Que cela soient l'introduction des DLC payants dans les années 2000, les abonnements, les jeux dits "Free to play" ou plus récemment les lootboxes, les différents moyens utilisés par les éditeurs pour rentabiliser leurs jeux n'ont jamais manqué de faire couler beaucoup d'encre. Il faut dire que le milieu du jeu vidéo est récent, ainsi qu'en évolution constante. Et même si c'est un peu moins le cas de nos jours, son public est majoritairement composé de jeunes désargentés (nous frôlons le pléonasme ici). Alors que les deux premiers Diablo sont des modèles de monétisation classique de jeux vidéo, Diablo 3 a innové en introduisant l'hôtel des ventes à argent réel, ce qui n'a pas été sans causer son lot de problèmes, jusqu'à sa suppression un peu avant la sortie de l'extension Reaper of Souls. En tant que jeu mobile, Diablo Immortal ne manquera probablement pas de déchaîner les passions non plus cette année. Mais qu'en est-il de Diablo 4, qui va encore se faire attendre un moment ? D'après les propos tenus à la suite de son annonce à la BlizzCon, il devrait adopter une approche plus traditionnelle pour sa monétisation*, du moins dans les grandes lignes.
*conditions apply
Diablo 4 : Monétisation prévue
Pour élaborer, reprenons les propos que l'équipe de développement a tenus sur place, lors de la conférence de presse qui a suivi l'annonce. Joe Shely, le Lead Game Designer, a affirmé qu'ils comptent vendre le jeu de base ainsi que des extensions. Des microtransactions cosmétiques sont aussi prévues, mais ils ne vendront rien ayant une influence sur la puissance des joueurs. Cela peut sembler rassurant au premier abord, en particulier dans le contexte actuel, avec certains gros éditeurs qui semblent étrangement déterminés à tenter de soutirer le moindre euro à leurs fans, même quand ils foncent de toute évidence vers un désastre en termes d'image, et même de ventes. Fallout 76, suivi de son abonnement premium Fallout First par Bethesda, en est un exemple. Et dans le cas de Blizzard, Warcraft 3 Reforged en est un autre, qui ne donne pas nécessairement envie de leur offrir le bénéfice du doute à l'avenir.
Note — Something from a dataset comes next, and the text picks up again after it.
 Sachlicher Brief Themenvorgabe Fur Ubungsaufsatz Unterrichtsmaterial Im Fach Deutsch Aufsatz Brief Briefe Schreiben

Diablo 4 : Estimation du prix
Le jeu de base devrait être vendu entre les proverbiaux 59,99€ et 69,99€, auxquels viendront éventuellement se greffer 15 à 30 euros pour une édition Deluxe, et bien plus pour une version Collector. Signalons qu'à l'heure où nous écrivons ces lignes, elles n'ont pas encore été annoncées, et encore moins révélées. Ce sont simplement des conjectures de notre part, basées sur les pratiques du milieu et les antécédents d'Activision Blizzard. Comme le jeu est loin d'être terminé, nous ignorons encore à quelle régularité les extensions arriveront, quel sera leur prix, leur contenu, et si elles seront accompagnées ou non de mises à jour de contenu gratuites. Cela peut représenter 30 à 40 euros tous les 1 à 2 ans, ou de plus petites sommes, mais plus régulières. Il y a fort à parier que, pour le moment, même le studio n'a pas encore une idée claire de ce qu'il pourra proposer, ni à quel prix et à quelle régularité.
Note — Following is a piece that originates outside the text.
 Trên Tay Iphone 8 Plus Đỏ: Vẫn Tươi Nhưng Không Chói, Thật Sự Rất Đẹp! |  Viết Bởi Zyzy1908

De leur côté, les microtransactions ont plus de chances de se présenter sous la forme d'une boutique en ligne conventionnelle, avec son lot de portraits, mascottes, tenues et teintures, plutôt que sur celle de lootboxes version Overwatch, populaire (et décriée) dans les jeux compétitifs. La boutique de la version chinoise de Diablo 3 pourrait servir de modèle en la matière même si, une fois encore, nous ne faisons qu'étudier différentes hypothèses. C'est un mode de monétisation adopté par beaucoup de gros jeux de nos jours, ces derniers ayant pour vocation d'être des jeux vidéos en tant que service (Games as service). Ce que nous considérons comme étant un bon exemple à suivre de jeu ayant adopté ce modèle, et qui nous est particulièrement familier, est Monster Hunter World, avec son extension Iceborne. Sa boutique contient plusieurs dizaines de DLC cosmétiques payants — mais très dispensables — comme des stickers ou des costumes pour l'assistante. Cela ne l'empêche pas d'avoir droit à des mises à jour de contenu régulières.
Le dilemme financier des jeux modernes
On peut légitimement protester contre le fait d'introduire des éléments de monétisation tirés de jeux F2P comme League of Legends dans un jeu payé à plein tarif, et accompagné de DLC payants. Cela peut même passer pour de l'avidité, mais ce n'est pas pour autant dénué de raisons. Du point de vue d'Activision Blizzard, le gros problème de Diablo 3 est qu'il n'apporte pas de revenus réguliers en occident. Le groupe ne peut compter que sur les ventes de boîtes de jeu, de l'extension et du DLC du Nécromancien pour faire rentrer de l'argent depuis la suppression de l'hôtel des ventes. Le jeu de base datant de 2012, le nombre d'unités vendues mensuellement doit être dorénavant assez faible. Pourtant, les serveurs en ligne sont maintenus et, aussi modestes soient-ils, des patchs de contenu arrivent tous les 3 mois environ, ce qui implique le maintien d'une équipe de développement, même minimale. Les deux coûtent de l'argent et il n'est donc pas étonnant que le studio cherche un moyen de rentabiliser son prochain titre sur le long terme. Les cosmétiques obtenus sous la forme de microtransactions payantes pourraient probablement être la réponse la plus répandue, ainsi que celle la mieux tolérée par les joueurs, puisqu'ils ne se sentiraient pas forcés d'avoir à payer pour profiter pleinement du contenu et relever les défis de haut niveau.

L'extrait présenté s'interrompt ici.